So the way you go about doing this is when you set up your NBD connection, there's going to be a new option instead of Spark ODBC, which is what we had before. We now have Spark Direct, and then you get to choose the connection mode, Scala R or Python, and then you drop in your custom Spark tool, and you can write your code in Python, Scala or R. You can leverage open source libraries like MLlib or H20 Sparkling Water to do your machine learning. This is an example one of our data scientist whipped up when we were first creating the tool. The tool looks a lot different now, but she trained a linear regression model using the MLlib package in eight lines of code, and it's fast.

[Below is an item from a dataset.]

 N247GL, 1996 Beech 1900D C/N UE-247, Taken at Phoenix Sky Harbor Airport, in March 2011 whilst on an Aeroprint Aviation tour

So we did some analysis. We trained a model just using our traditional R base tools. So we used our boosted model tool on a decently sized data set, 670 mb. Our data scientist machine was pretty beefy. She had through 32 gigs of RAM and eight processors. Doing this in Alteryx with R based tools it took two hours. Then she did the same thing in our very modest Spark cluster, probably the kind of saddest Spark cluster you'll ever see. It's got four nodes, each node had 16 gigs of RAM. Even with that modest Spark cluster using a comparable package from H2O Sparkling Water that also does boosted models, ran it in three minutes. So it's fast.

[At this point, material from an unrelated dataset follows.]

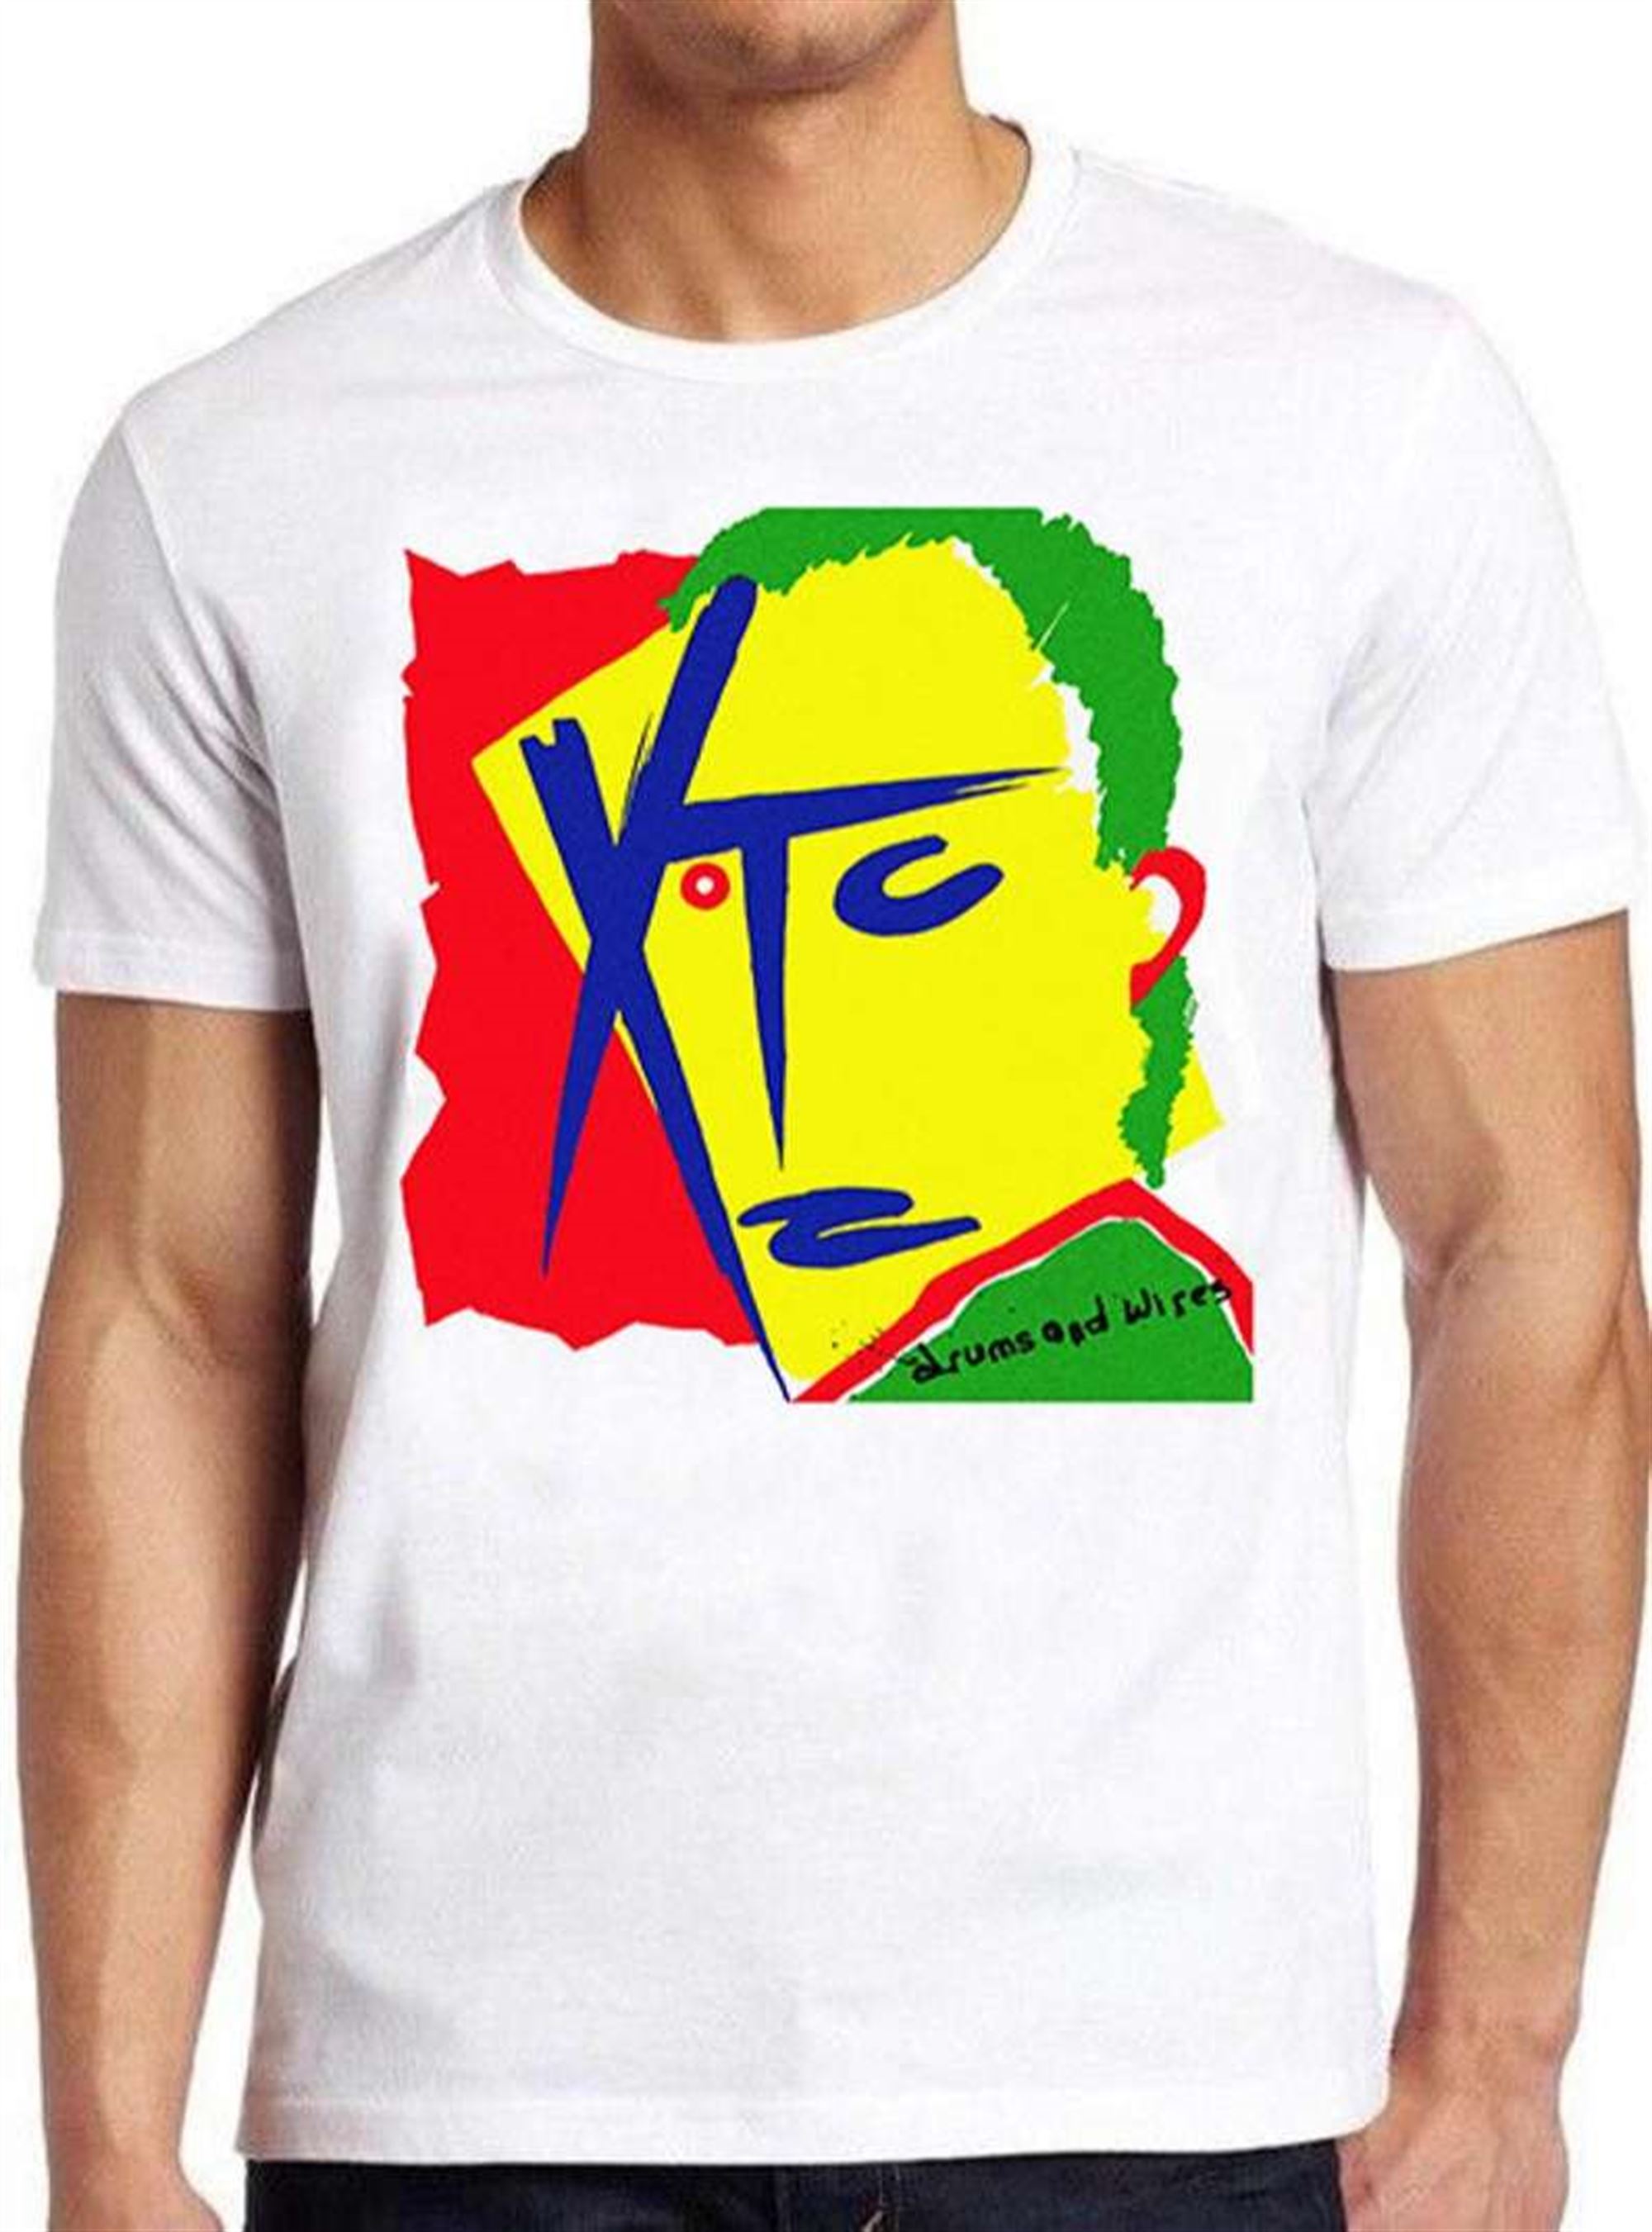 Xtc Drums And Wires T Shirt Plus Size Up To 5xl

I can just quickly show you what this school looks like in real life. Gary already showed it a little bit, but basically this is that workflow that ran in the Spark cluster in three minutes, and you can see in this case instead of MLlib we're using the H2O Sparkling Water package and it's training a boosting estimator model. And so it just fits seamlessly. She had to do some data prep in Alteryx to get the data ready for training a machine learning algorithm. But not too many tools, not too many lines of code, pretty easy to use. So we're excited that this is going to be coming out soon as well. Colin.

Colin Ristig:
Thanks Neil. So kind of transitioning over to a new topic. I'm going to be talking about model deployment, again to pull from the keynote this morning, a lot of this comes from the Y hat acquisition that was announced earlier this week. So before we talk about model deployment, I want to get into the team of operationalizing models. Many of you are familiar with taking a workflow and delivering it to an external party, whether it's someone who works internally on your team or another team, and within that kind of concept of taking a deliverable and giving it to another party, we kind of break it down into three separate groups.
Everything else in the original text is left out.